-------- Data extract

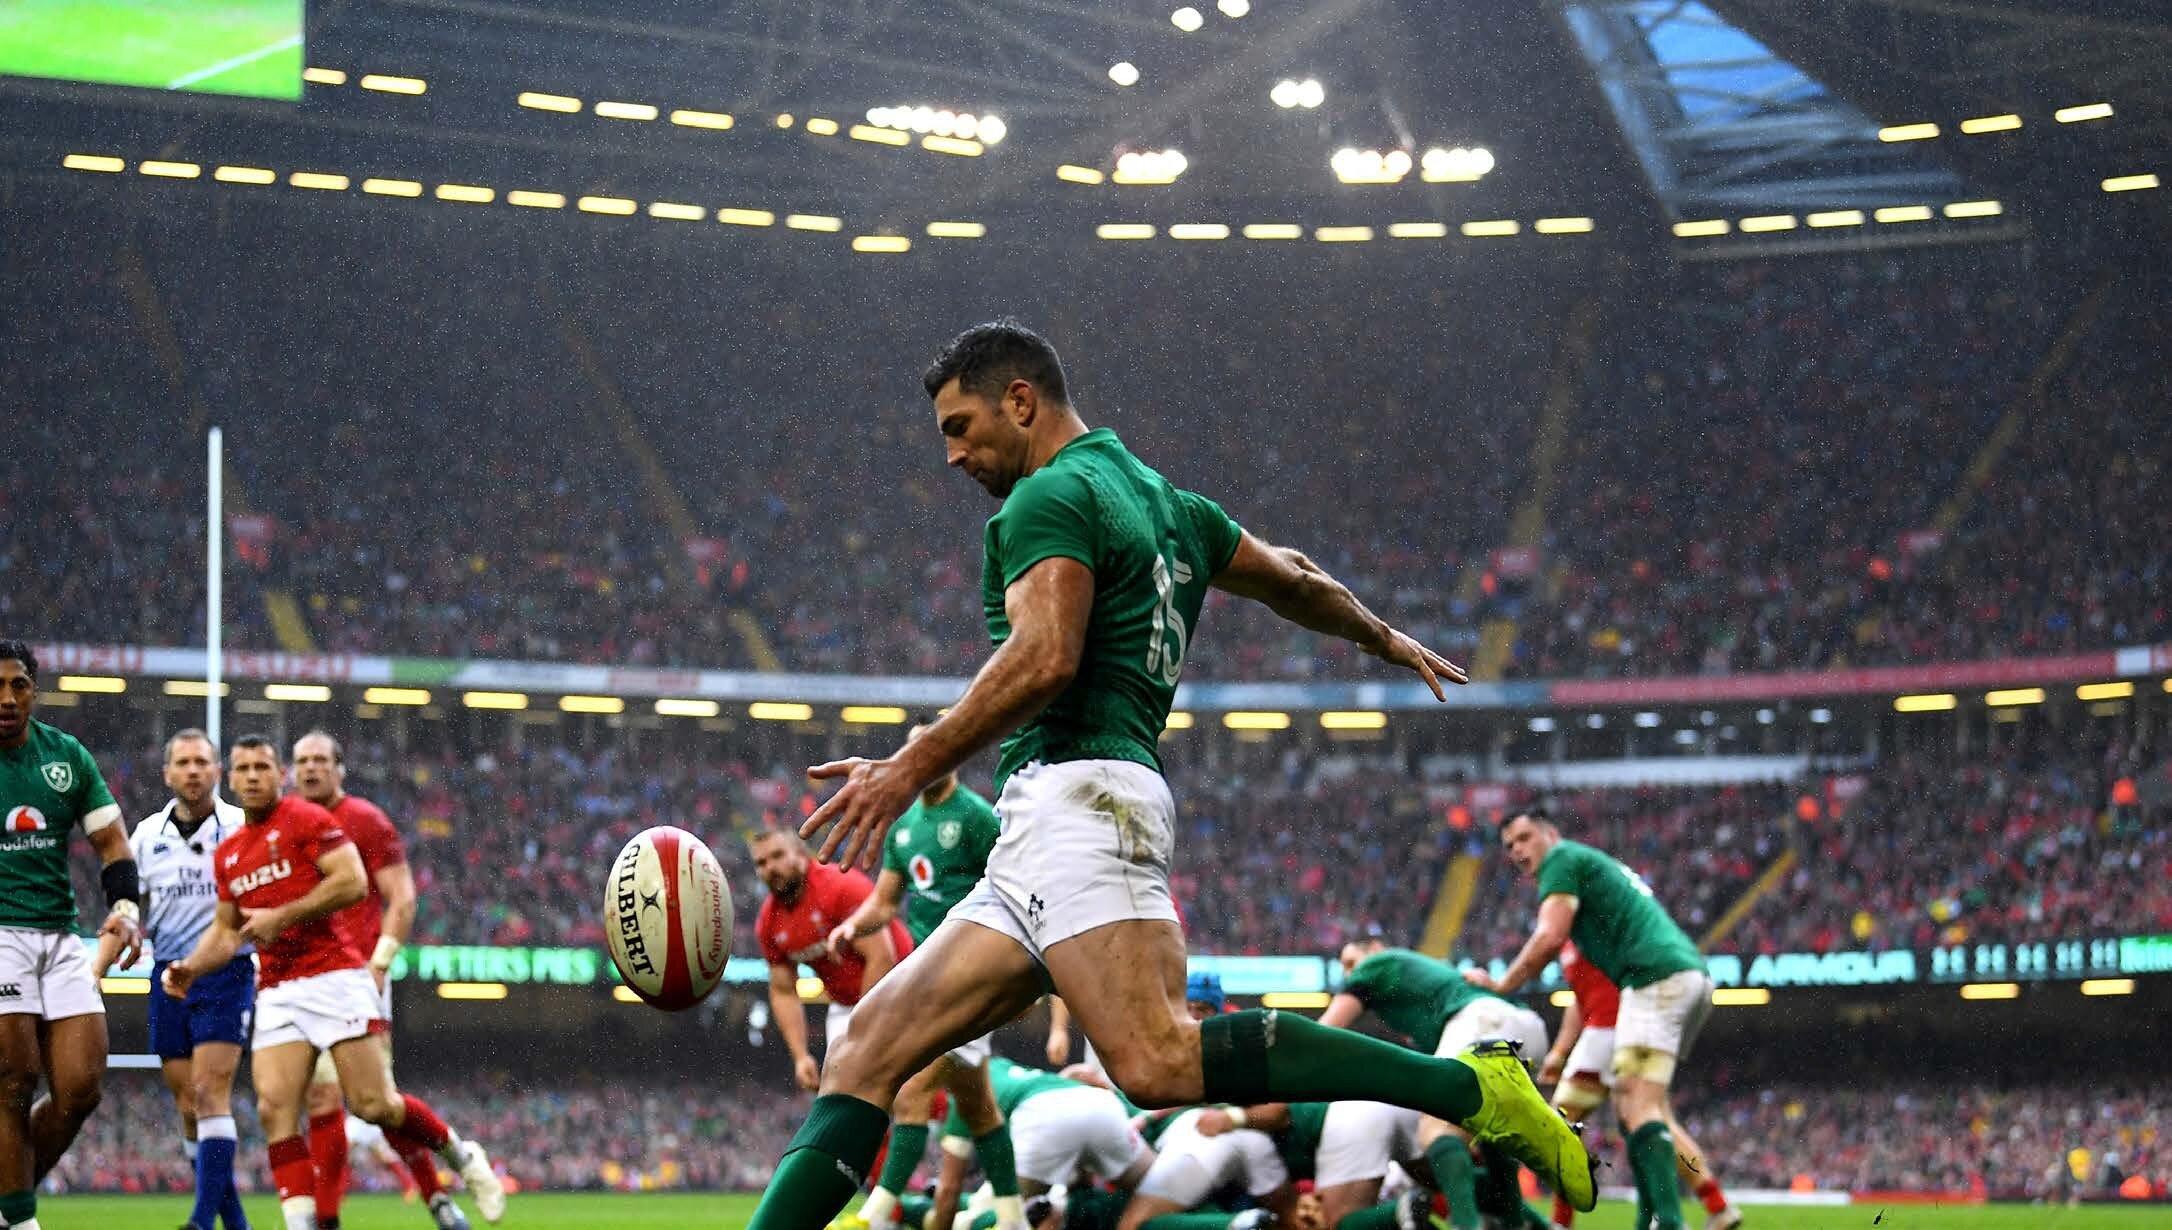 Ireland vs Wales - Guinness Six Nations 2020 - Aviva Stadium, DublinSaturday 8th February 2020
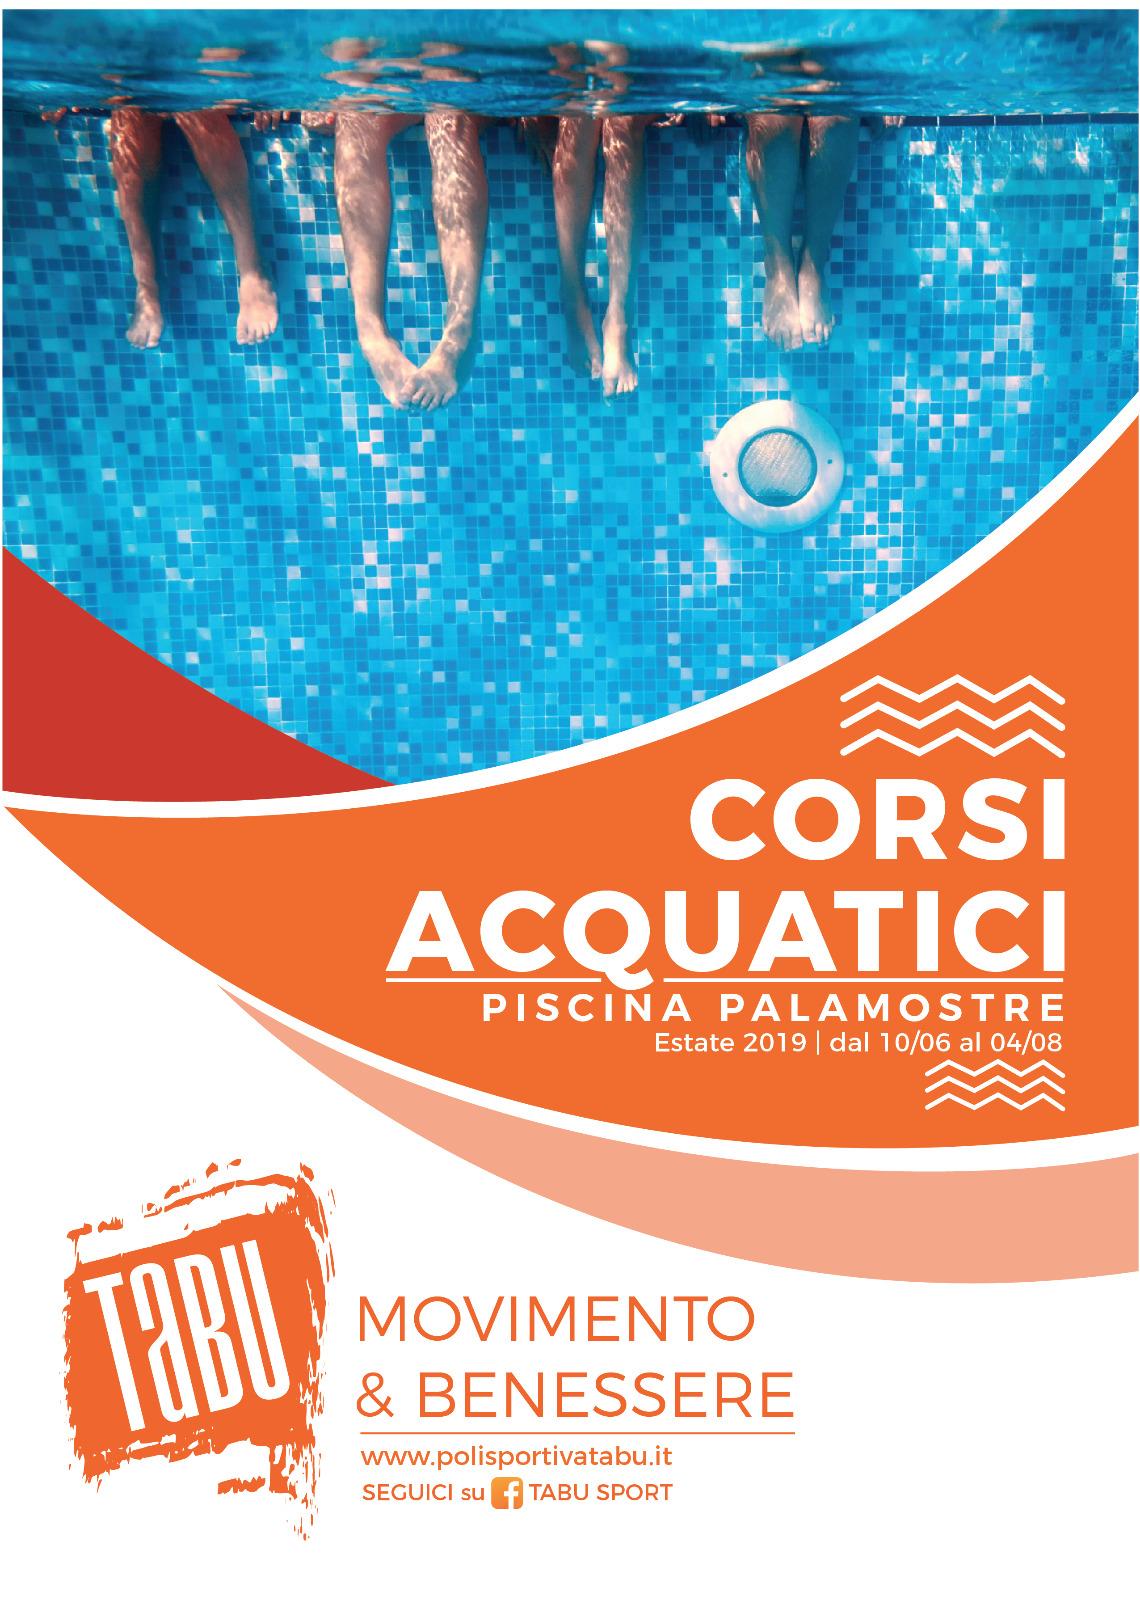 Corsi acquatici a Udine estate 2019
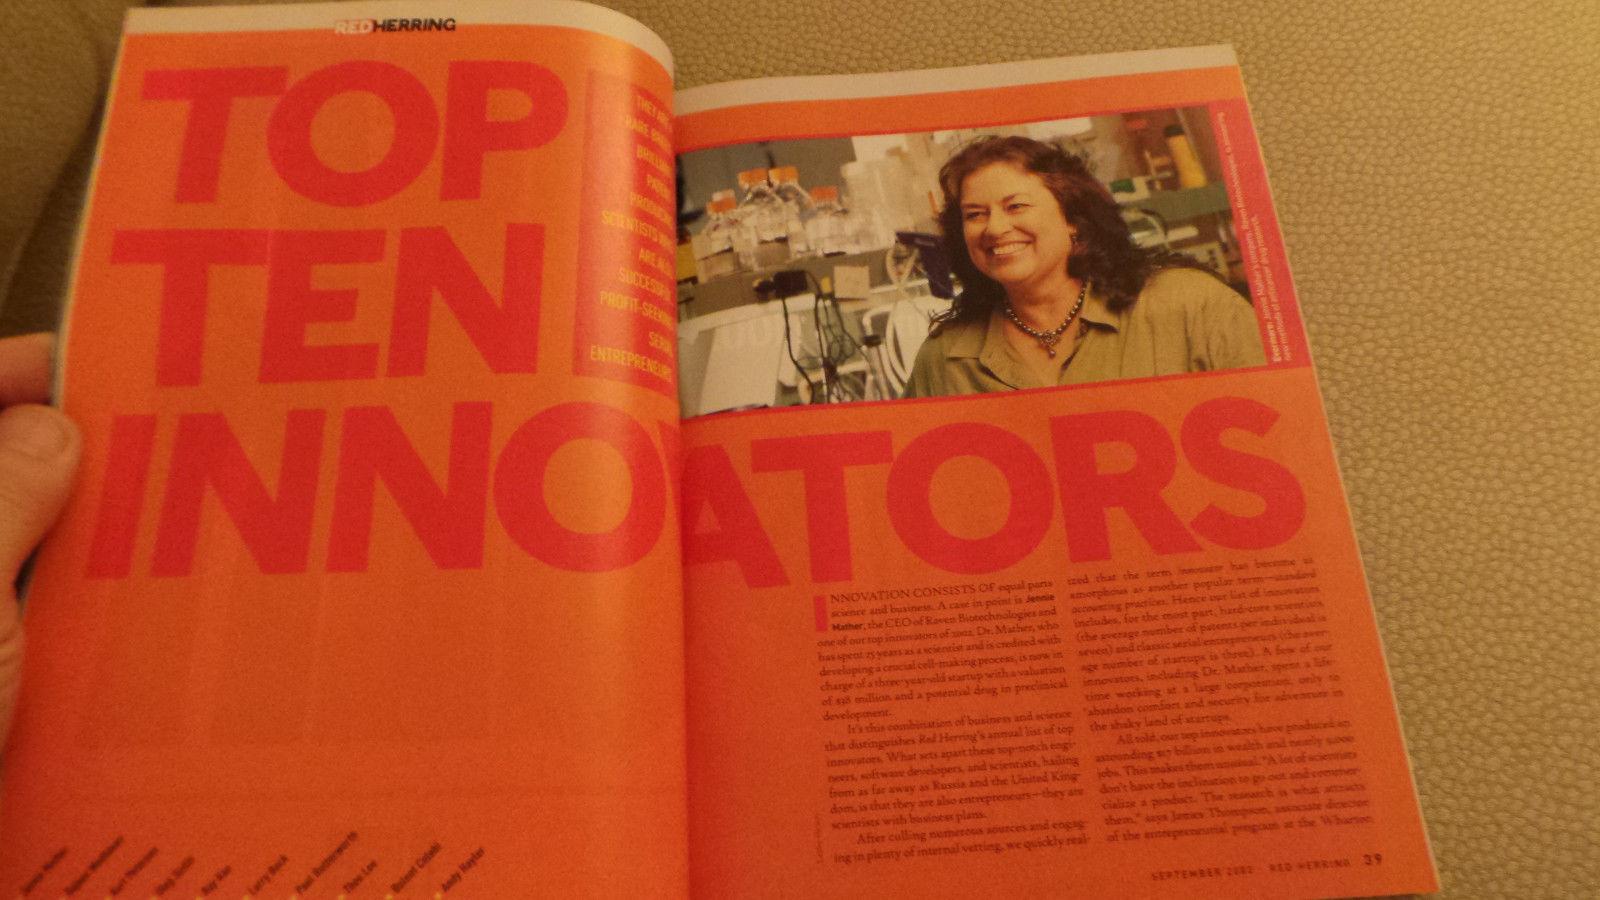 Red Herring Magazine Top 10 Innovators; Digital Entertainment; Mark Warner 2002

----------------

What the task requires
Since the pictures are not wanted, give the material again exactly without them.

Exercise answer
 Ireland vs Wales - Guinness Six Nations 2020 - Aviva Stadium, DublinSaturday 8th February 2020
 Corsi acquatici a Udine estate 2019
 Red Herring Magazine Top 10 Innovators; Digital Entertainment; Mark Warner 2002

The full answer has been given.